Ph.D., History, Boston College, Assistant Professor, Department of Social Science & Cultural Studies Courses: World Civilizations; Representing the Real; Making the Body Politic Research/Professional Interests: Politics of Citizenship; US Social/Cultural History; US Women’s History; African-American History; Gender/Sexuality Studies; Post-colonial theory; Urban History; Studies in Visual Culture; European Intellectual History
   
 
Amy Lesen
  Assistant Professor, Biology. Department of Math and Science, Pratt Institute.

B.S., University of Massachussetts at Amherst; Ph. D., University of California, Berkeley
   
 
James Reeves
  Visiting Instructor, Art and Design Education. Pratt Institute.

B.F.A., University of Michigan (Graphic Design); M.S., Pratt Institute (Art & Design Education); graphic/interactive designer; co-founder Red Antenna, design/music/criticism collective; co-founder Prizefight Design Studio, motion/print/web design for profit & non-profit organizations; program director, Pratt Summer Design Program; lab manager, ADElab; Kino-Glaz project
   
 
Beth Warshafsky
  Adjunct Associate Professor, Computer Graphics and Interactive Media. Pratt Institute.

B.A., Fine Arts Antioch College; M.F.A. Printmaking/Painting Columbia University; Independent artist, animator, producer and director specializing in video, computer graphics and animation.
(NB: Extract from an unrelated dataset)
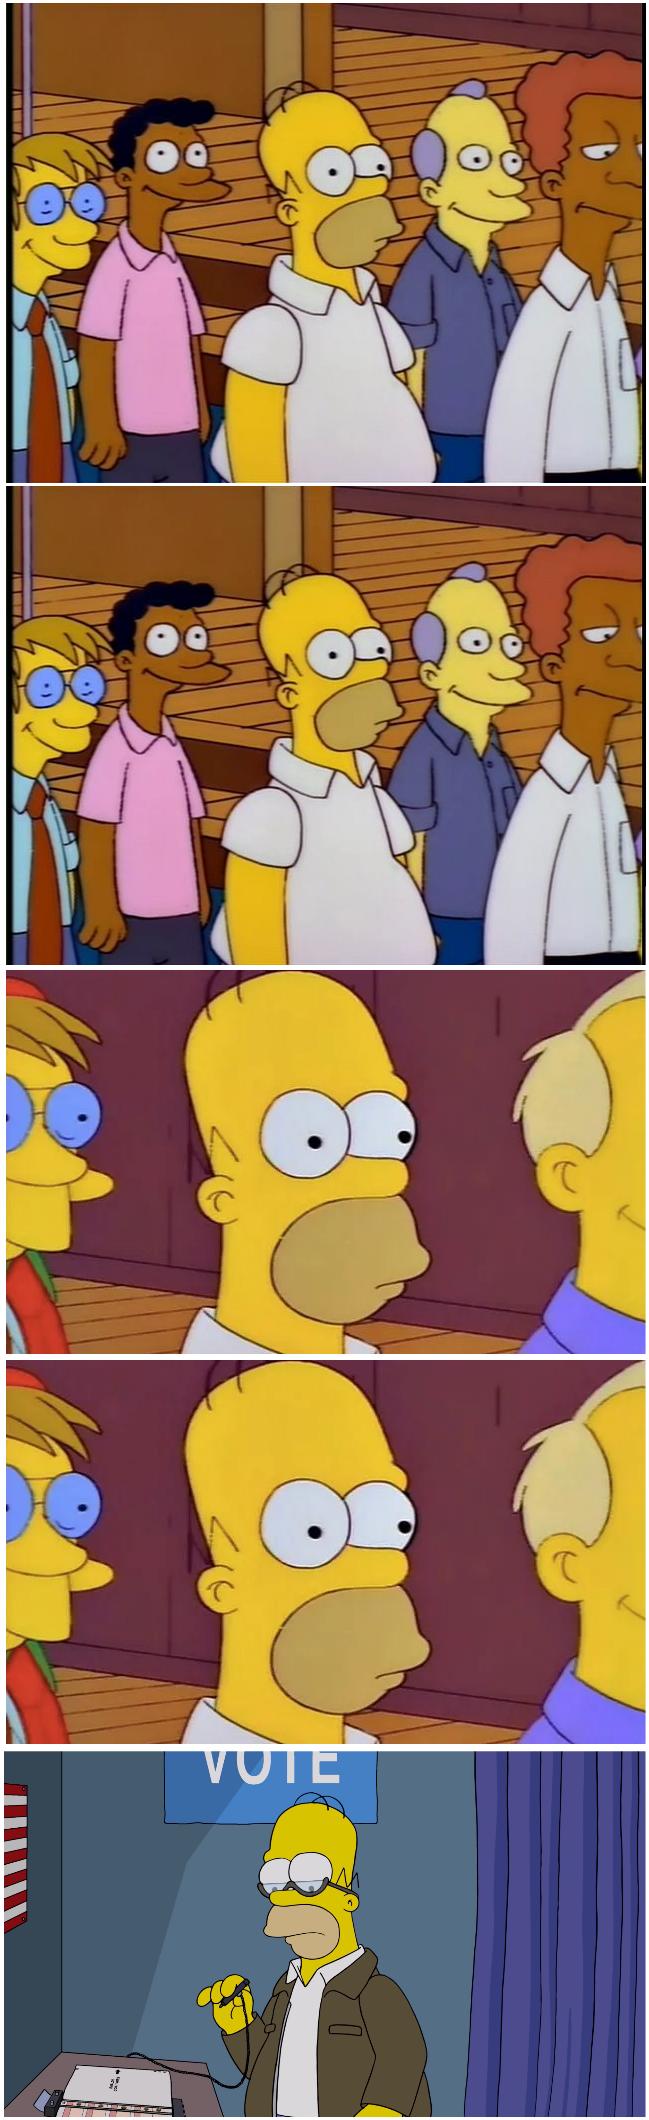 Homer Voting Blank Meme Template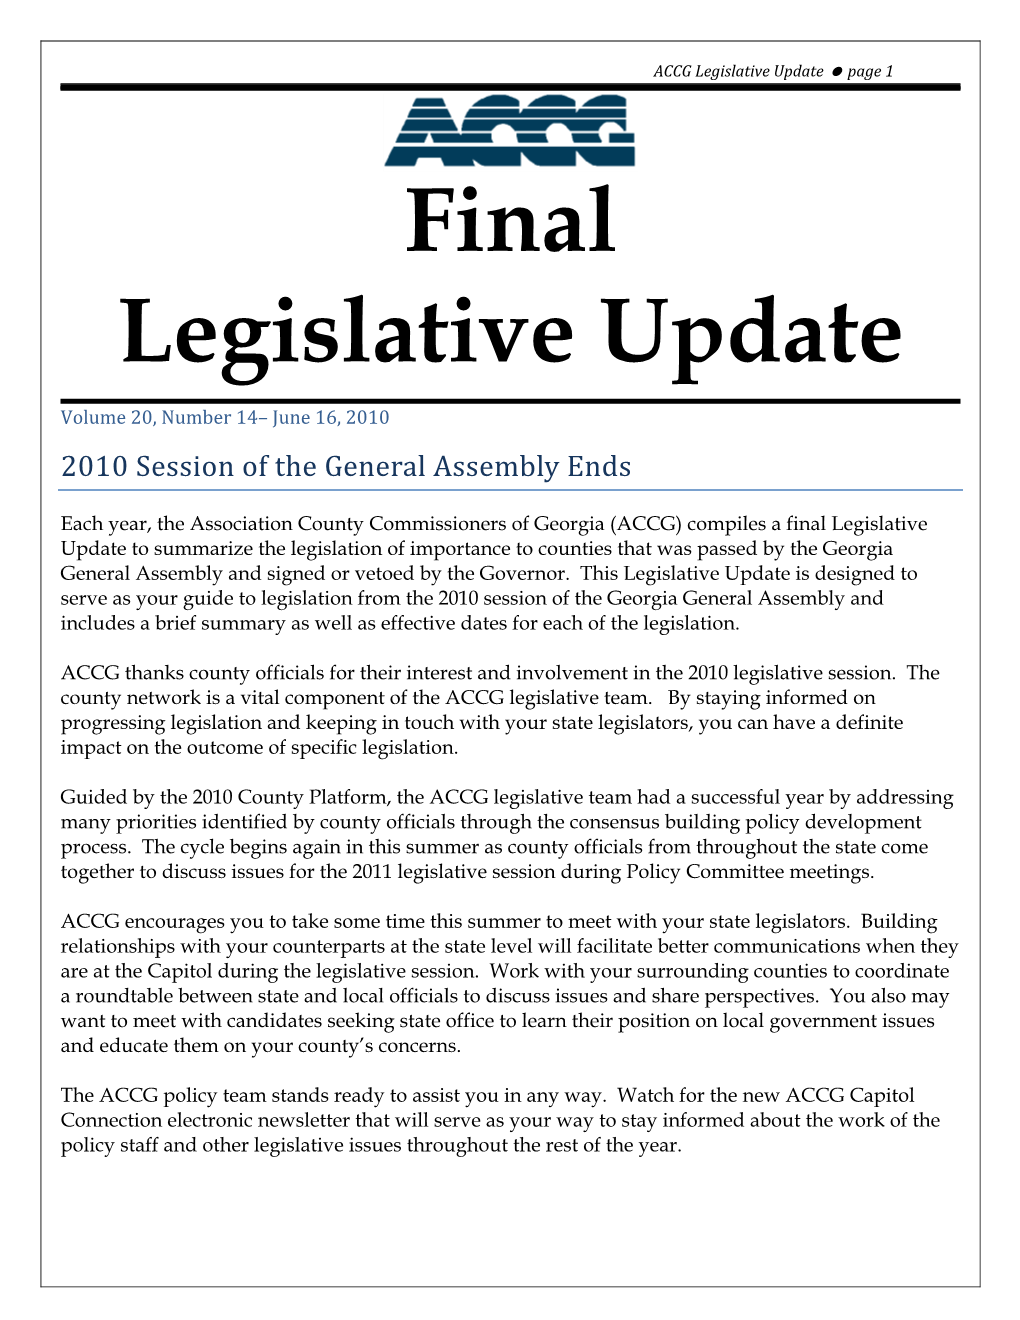 Final Legislative Update

Works exhibited at ACM SIGGRAPH, MadCat Film Festival, Rochester Contemporary Gallery, NSA Festival, Havana Cuba’s 5th Digital Art Exposition, Imagina, Paris; Awards: CLIO, Broadcast Design Association; Ohio State Excellence in Education.
     


This event is organized by the Academic Initiatives Committee of the Academic Senate.

The views expressed in this event are those of the individual presenters and not necessarily
those of the Academic Senate or Pratt Institute, which express no position on the topics.